Yokota et al. (2024, JSMJ) proposed effectively utilizing operational meso-ensemble prediction systems (MEPS) to reduce the computational cost of ensemble forecasting while developing a flow-dependent 3DVAR, demonstrating the crucial role of MEPS in improving the accuracy of heavy rainfall predictions. However, external institutions outside the Japan Meteorological Agency (JMA) must rely on MEPS provided by the Meteorological Business Support Center (MBSC), where basic variables (wind, pressure, temperature, and humidity) are thinned to reduce data size, making direct use of MEPS as initial conditions for ensemble prediction difficult.

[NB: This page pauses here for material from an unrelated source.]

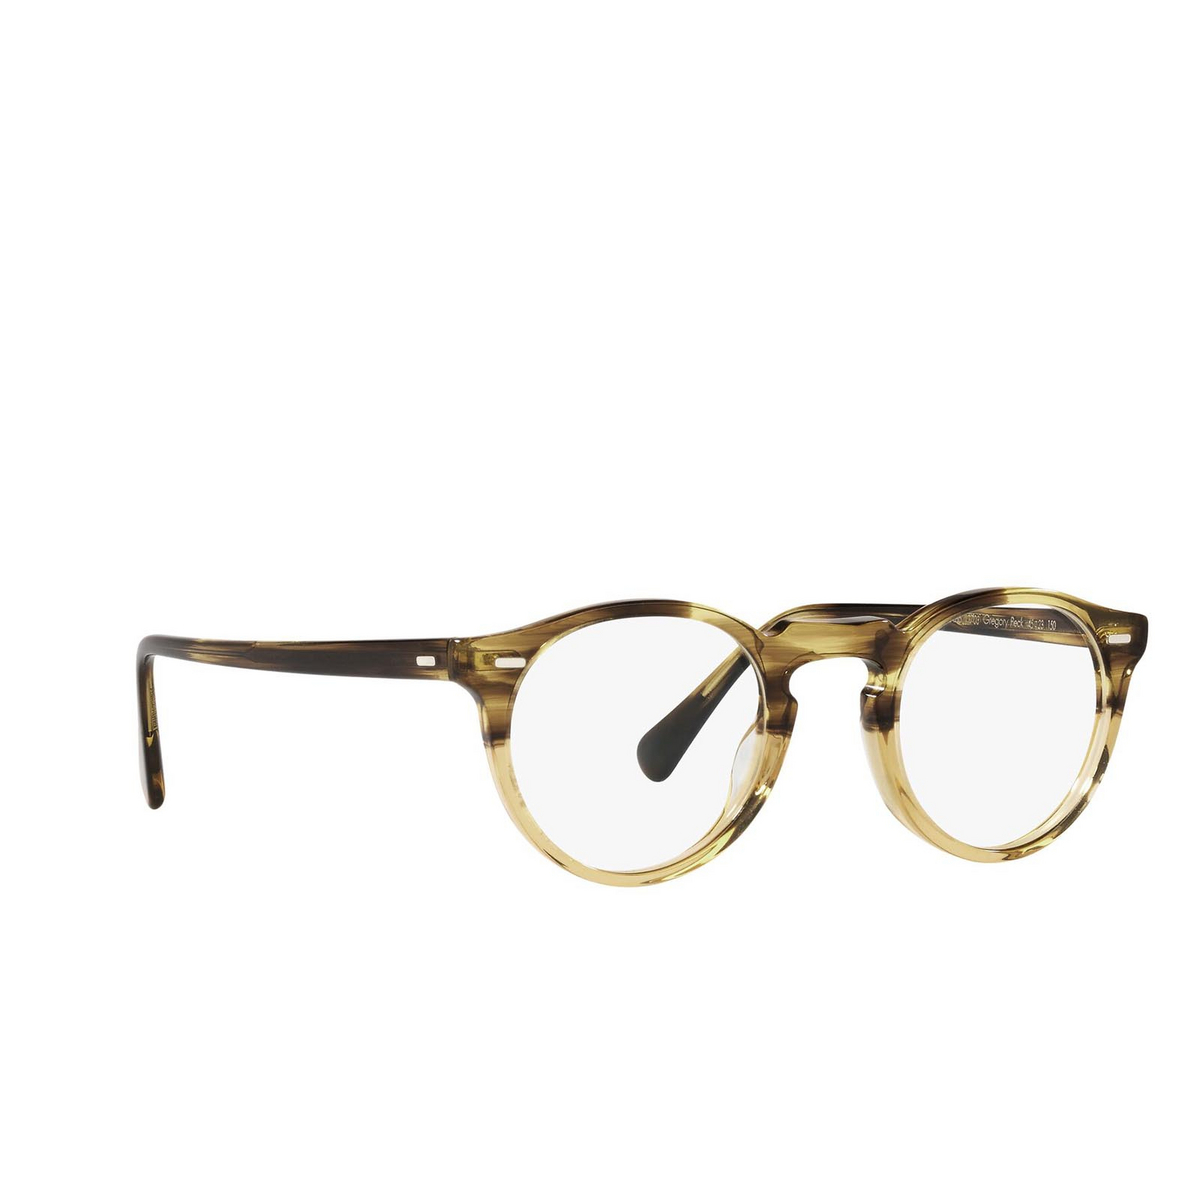 Oliver Peoples GREGORY PECK Eyeglasses 1703 Canarywood Gradient - three-quarters view

In this study, we developed a method to achieve a 21-member ensemble prediction by combining forecasts from the mesoscale model (MSM) with the Meso-Ensemble Prediction System (MEPS) provided by the Meteorological Business Support Center (MBSC). The procedure is as follows:
Calculate the ensemble mean and perturbations of the 21 MEPS members. At this stage, relative humidity is converted to water vapor mixing ratio. Use MSM as the ensemble mean and apply the perturbations obtained in step (1) to generate 21 members (Member 1 is approximately the same as MSM but not exactly identical). If the water vapor mixing ratio becomes negative after perturbation, it is set to 0 kg/kg. Convert temperature and water vapor mixing ratio to relative humidity for each member. If saturation occurs, the water vapor mixing ratio is adjusted to the saturation mixing ratio. Apply steps (1) and (2) to surface data, specifically horizontal wind speed and temperature. Since MEPS includes forecasts at 3-hour intervals, repeat steps (1)–(4) for the forecast data and use them as lateral boundary conditions for CReSS simulations.
For a linear rainband event that occurred in Kumamoto Prefecture on July 3, 2023, we conducted a 3-hour forecast using MEPS at 00 UTC. The initial analysis was performed with a horizontal resolution of 3 km, covering the entire Kyushu region (312 km × 360 km × 50 layers, model top = 20.6 km). Figure 1 (left) shows the 3-hour accumulated rainfall from XRAIN (provided by the Ministry of Land, Infrastructure, Transport, and Tourism), while Figure 1 (right) shows the ensemble mean of the 3-hour accumulated rainfall. The area with rainfall exceeding 50 mm was generally predicted correctly, but CReSS predicted the location of heavy rainfall exceeding 100 mm slightly to the north.
Figure 2 displays the spread of various variables at 03 UTC, with the top row showing CReSS and the bottom row showing MEPS. From left to right, the variables presented are the east-west wind component, north-south wind component, potential temperature (temperature in MEPS), and water vapor mixing ratio. The spread in CReSS is generally more localized than in MEPS, and it is concentrated around areas where heavy rainfall was predicted. Since the resolutions of MEPS and CReSS differ, an exact match is not expected. However, understanding these characteristic differences is the objective of this study for future development of flow-dependent 3DVAR.
In the future, we plan to compare the assimilation increments obtained using LETKF with pseudo-observation data at 03 UTC and those obtained using En-3DVAR.